La bibliothèque publique d’Hamilton s’est associée au Centre de toxicomanie et de santé mentale (CAMH) pour former une équipe de pairs aidants dans son point de service du centre-ville. Habituellement, les pairs aidants ont un vécu similaire à celui des personnes aidées et ont des liens dans la communauté, ce qui leur permet d’établir un niveau de confiance particulier, a-t-on expliqué lors du Caucus du personnel de bibliothèque du SCFP-Ontario en avril dernier.
Mais là aussi, on parle d’un projet isolé, et non d’une stratégie étendue à l’ensemble du réseau. Il n’y a pas d’équipe de pairs aidants à la succursale de Barton, où Zoë Hayes travaille. Or, ce quartier d’Hamilton compte un grand nombre de personnes sans-abri.

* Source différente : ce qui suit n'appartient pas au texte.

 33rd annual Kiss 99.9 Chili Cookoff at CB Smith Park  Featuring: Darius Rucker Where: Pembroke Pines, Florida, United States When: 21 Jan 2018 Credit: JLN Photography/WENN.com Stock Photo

« J’apprécie énormément ce projet pilote de pairs aidants au centre-ville et les intervenant(e)s sociaux. J’espère qu’on pourra en avoir ici aussi », dit Zoë Hayes.

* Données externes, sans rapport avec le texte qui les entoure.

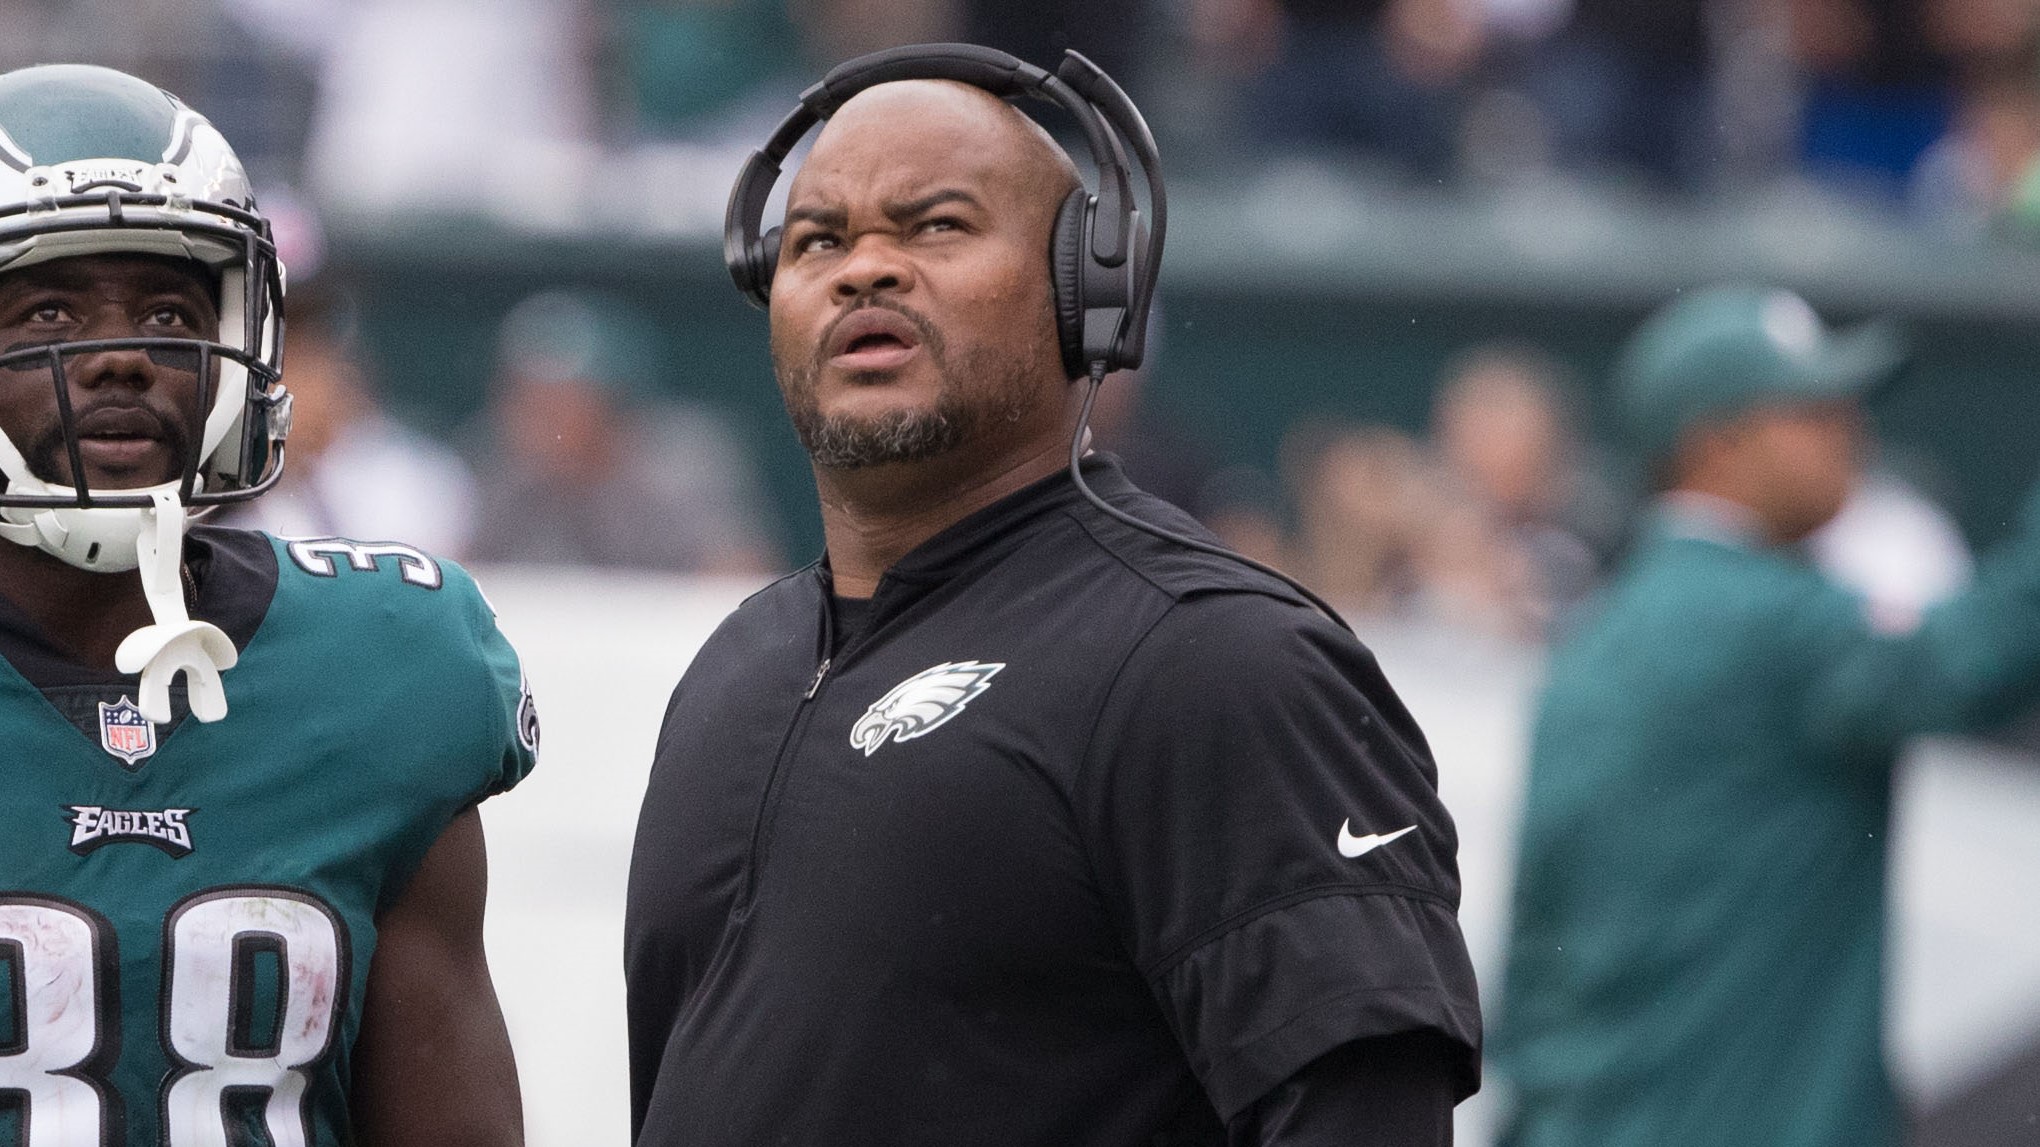 Duce Staley asks to leave the Eagles deal after being passed over for HC job

Mais ça ne réglera pas tout. Tous les niveaux de gouvernement doivent déployer des efforts concertés pour résoudre les crises : augmenter le nombre de logements abordables et supervisés, élargir le soutien en santé mentale et trouver de vraies solutions à l’épidémie de surdoses, qui a tué plus de 50 000 Canadien(ne)s entre 2016 et 2024 selon les données de Santé Canada.
« J’ai remarqué que la situation s’est vraiment aggravée au fil du temps », poursuit Zoë Hayes. « L’hiver dernier a été pire que jamais et les sites de consommation supervisée n’avaient même pas encore fermé leurs portes. Je m’attends à ce que les conséquences soient terribles. C’est en hiver qu’on vit le plus de problèmes et de crises de santé à notre bibliothèque. » Le SCFP-Ontario, l’un des premiers fervents défenseurs des sites de consommation sécuritaires et de leur personnel, continue de faire campagne contre les fermetures.
En juin dernier, le Collectif du personnel de bibliothèque de l’Ontario pour les sites de consommation supervisée a envoyé des recommandations aux conseils d’administration des bibliothèques d’Hamilton et de Toronto, les exhortant de présenter leurs plans face au projet de loi 233 et à la crise des opioïdes, de demander au personnel de première ligne ce dont il a vraiment besoin – pas forcément plus de formation, mais surtout du temps de récupération après un incident – et de défendre le droit d’accès de la population à des services publics sécuritaires.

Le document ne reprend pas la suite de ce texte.